• What is being asked
What is needed is an exact copy of the lines from the line holding "أسرار اليهود المتنصرين" through the end of the material, with no other lines and no pictures.

• Stored data
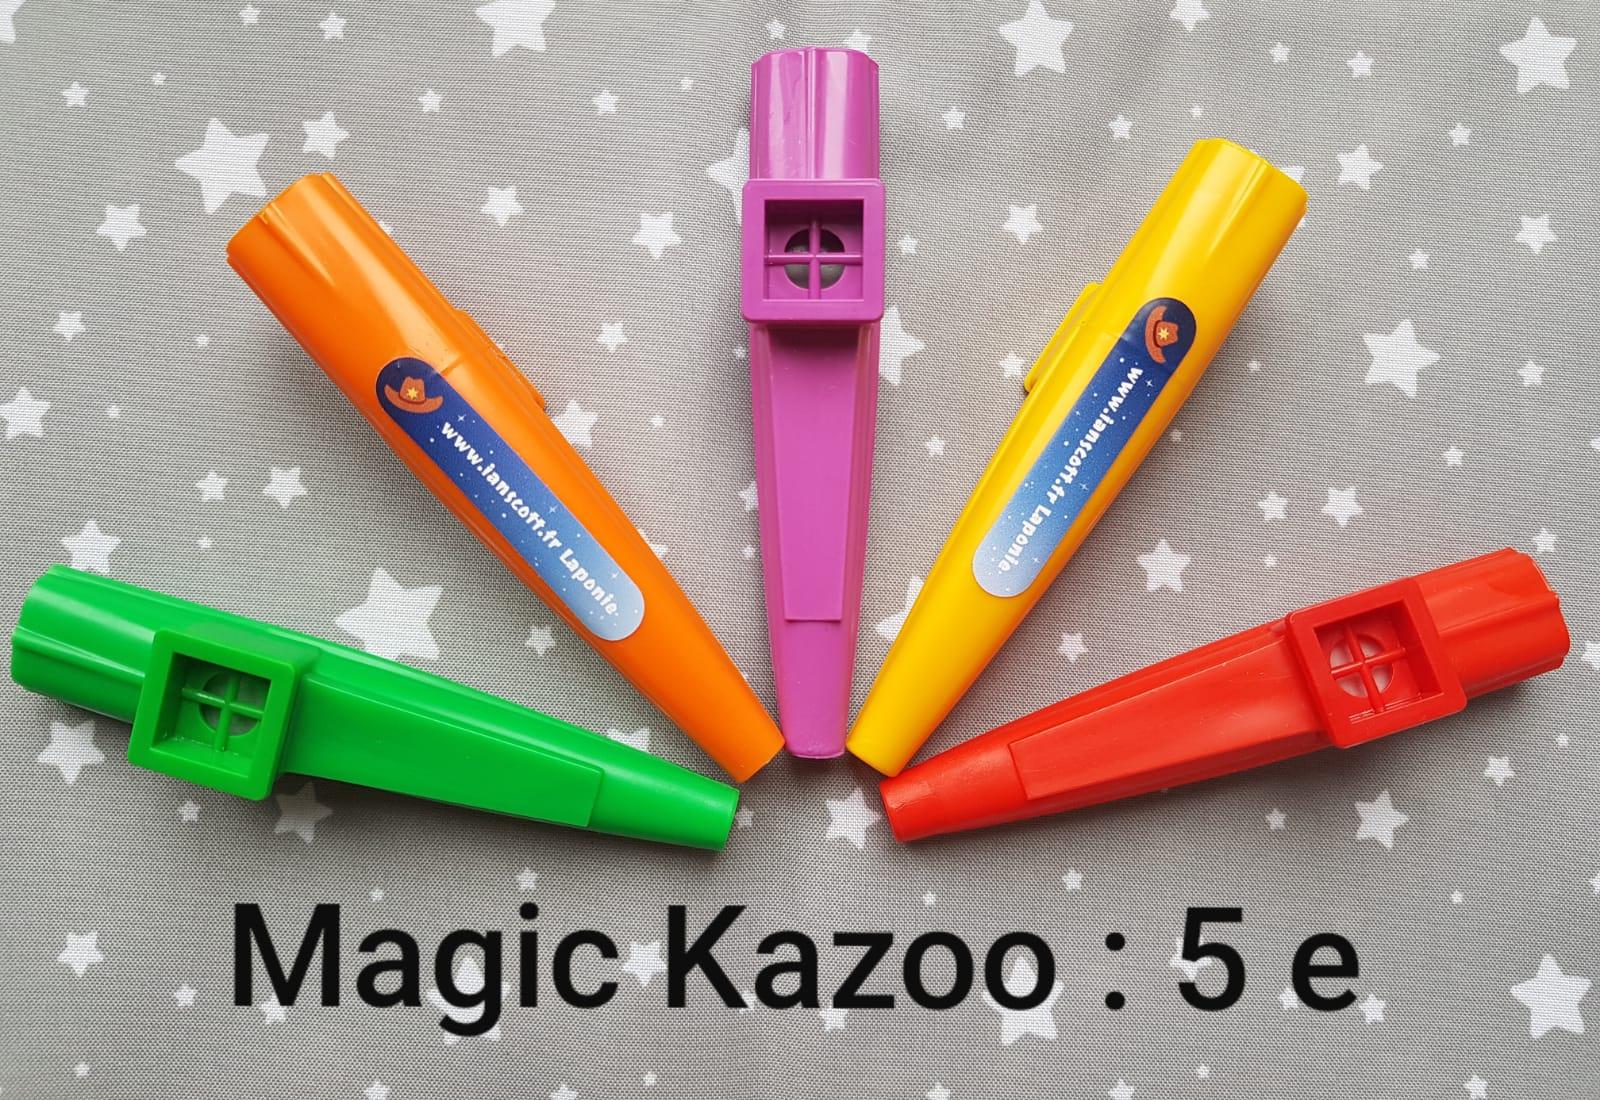 Les Magic Kazoo sont en vente sur le site !
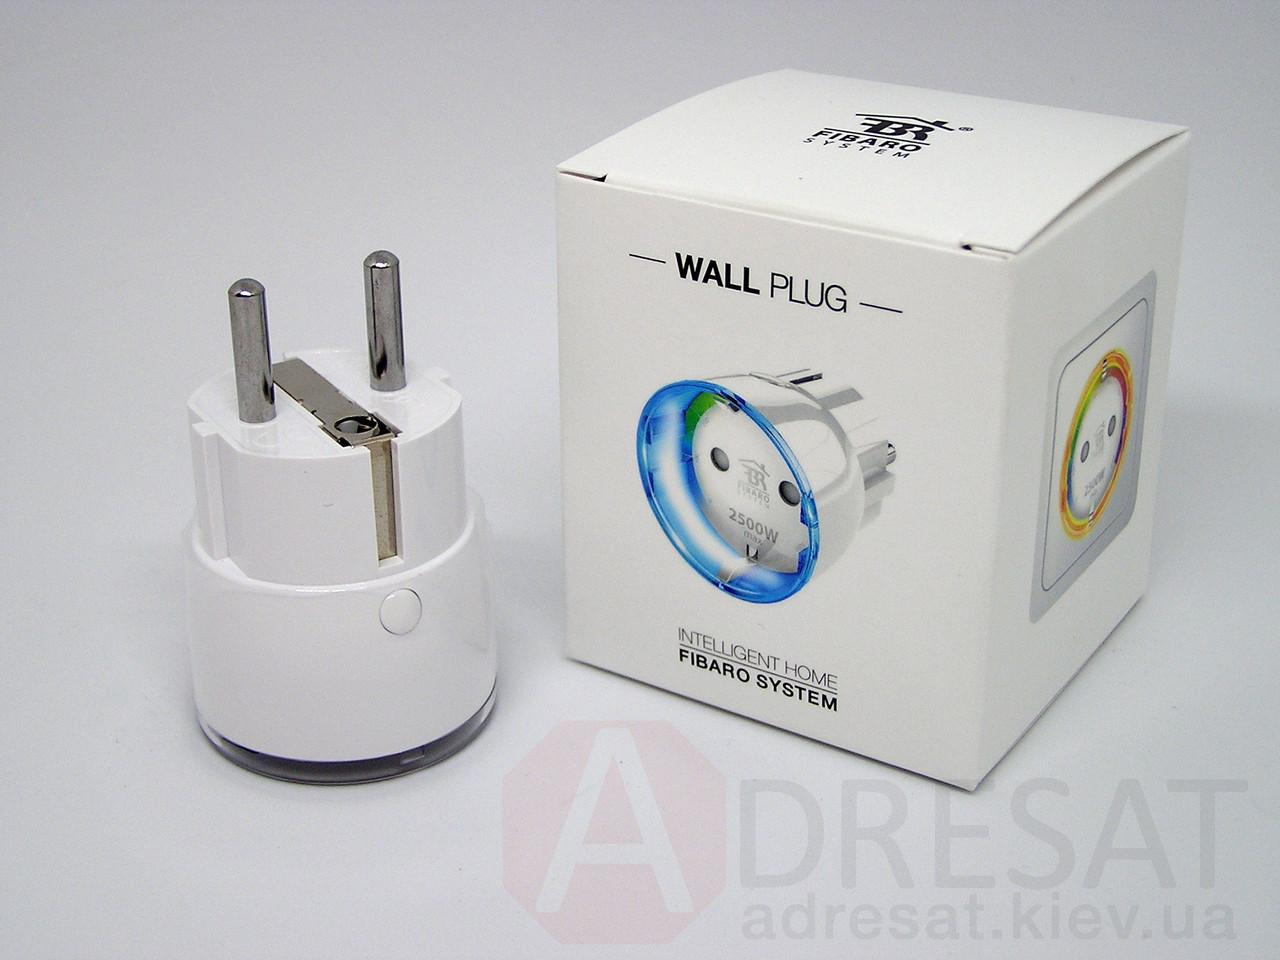 FGWPF-102 FIBARO Wall Plug, Z-Wave розетковий модуль
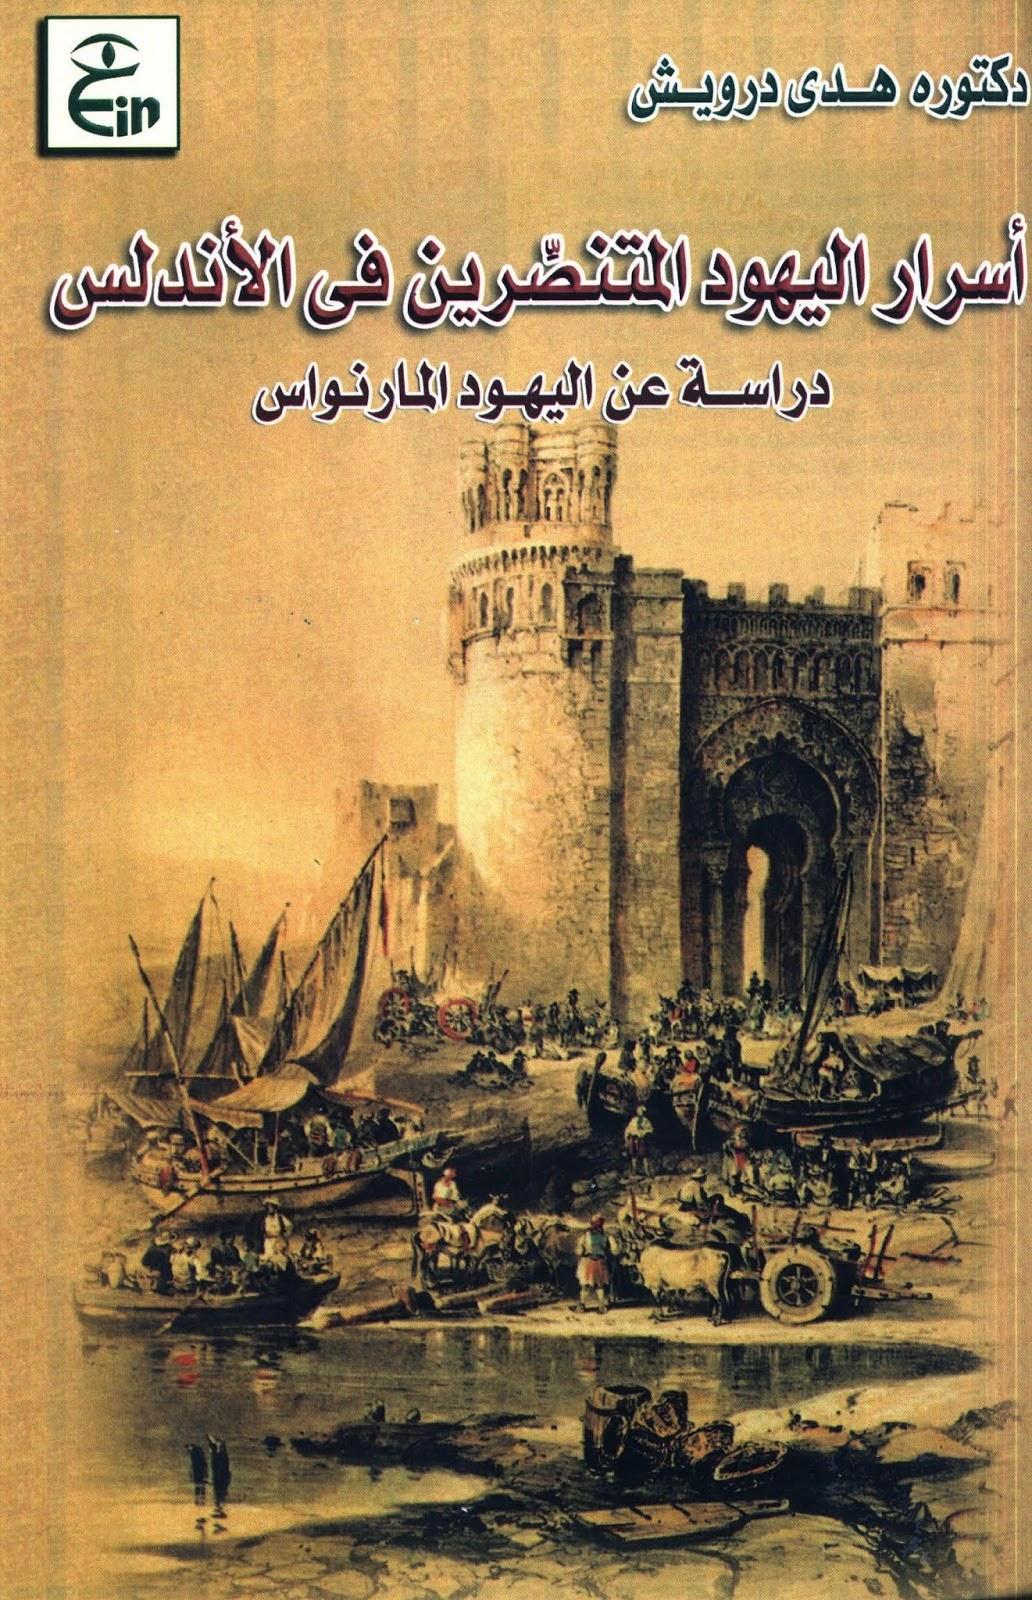 أسرار اليهود المتنصرين في الأندلس (دراسة عن اليهود المارنواس) لـ هدى درويش
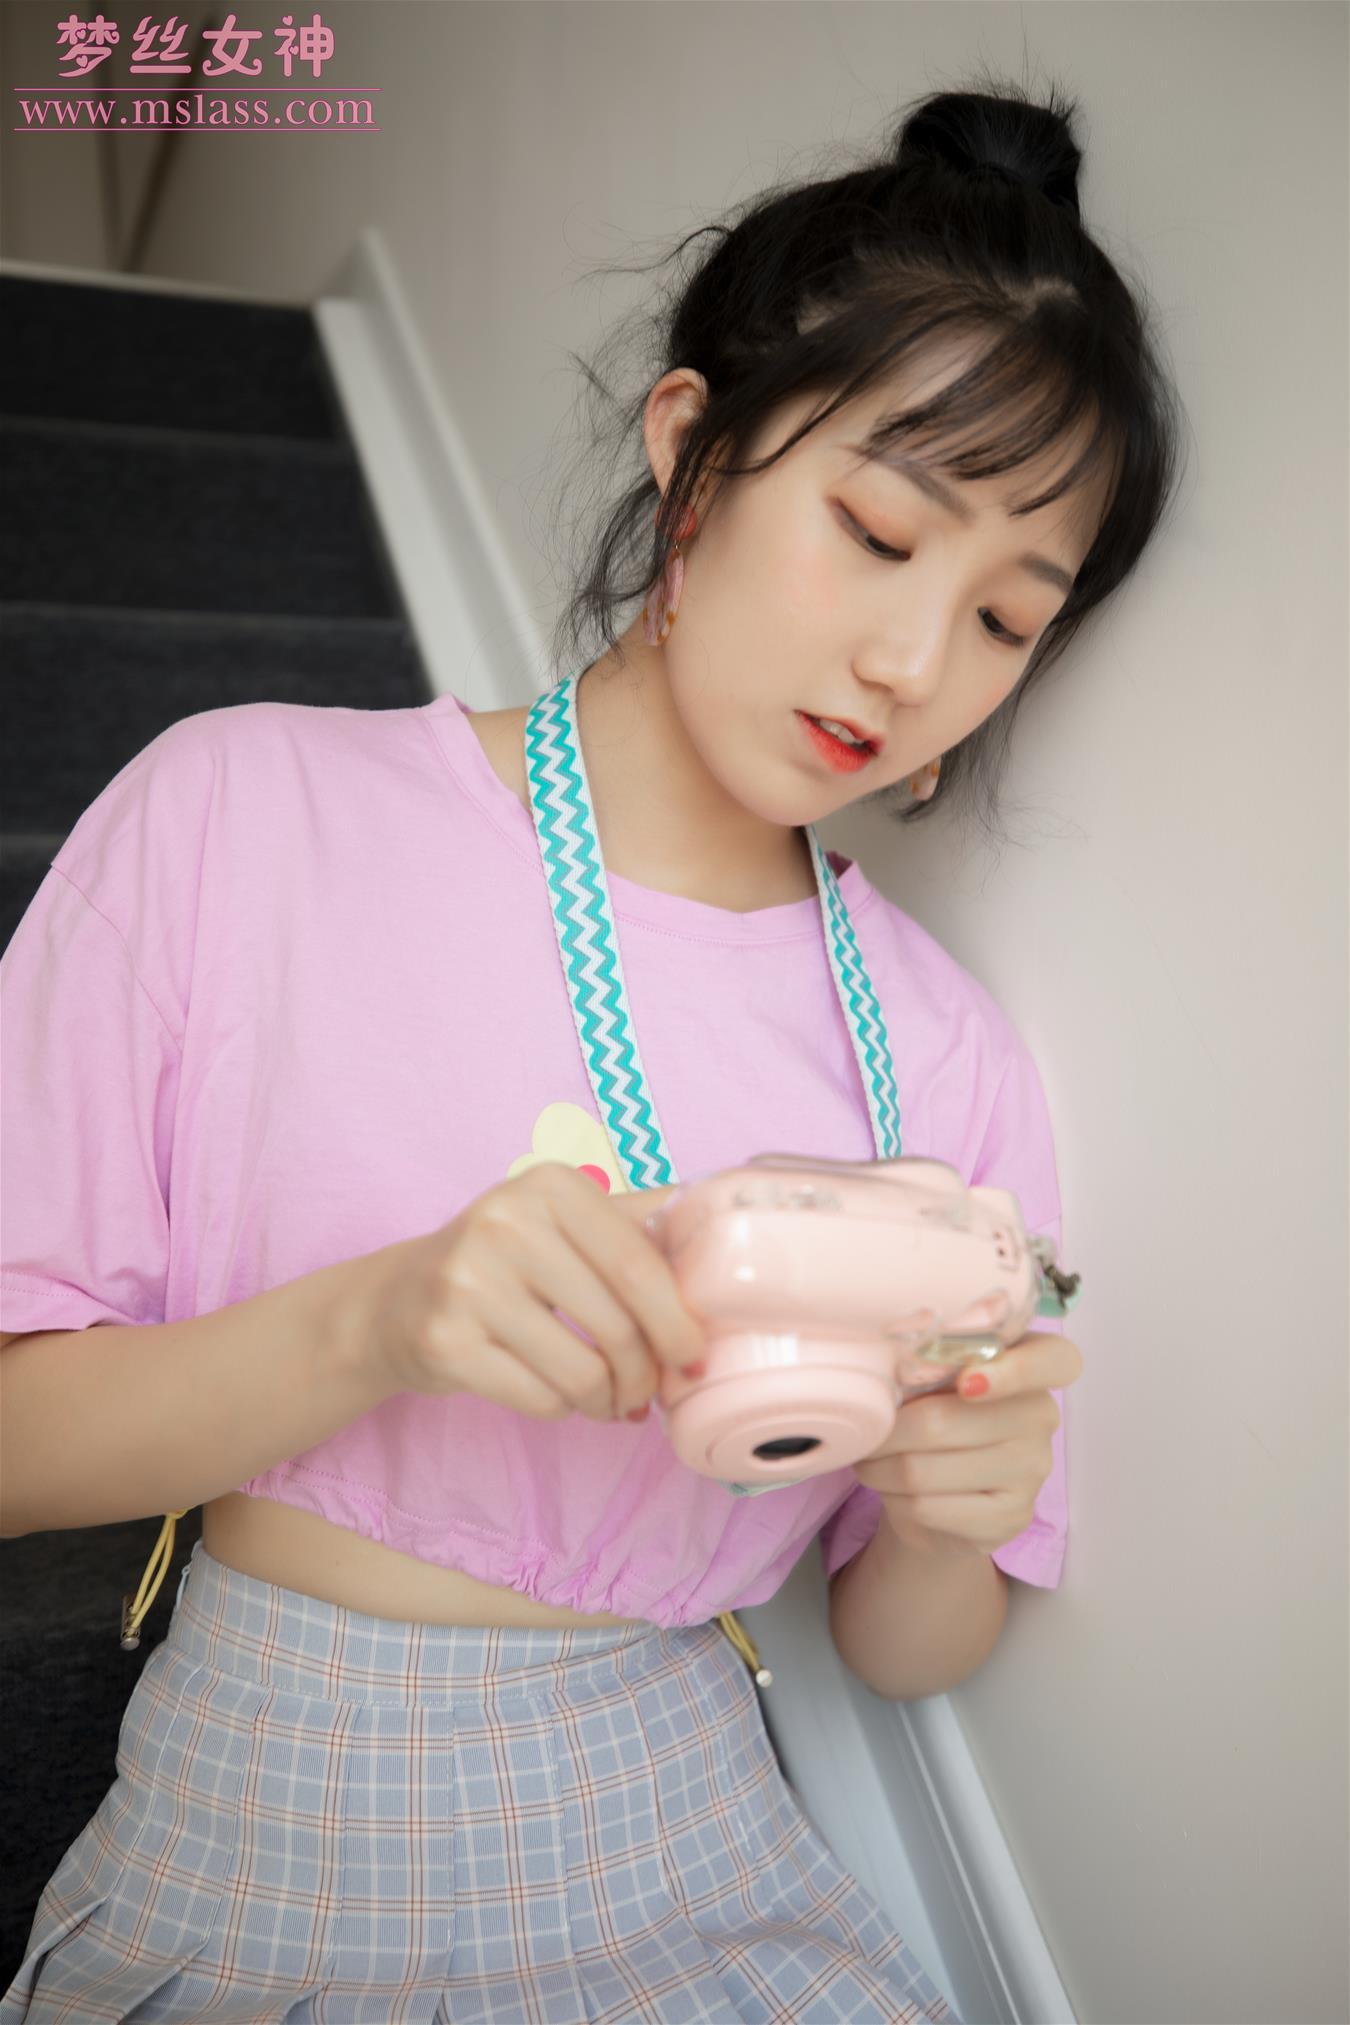 梦丝女神 2019.08.15 VOL.037 萤仙女 仙女下凡 [67P-438MB] 梦丝女神-第2张

• Completed exercise
 أسرار اليهود المتنصرين في الأندلس (دراسة عن اليهود المارنواس) لـ هدى درويش
 梦丝女神 2019.08.15 VOL.037 萤仙女 仙女下凡 [67P-438MB] 梦丝女神-第2张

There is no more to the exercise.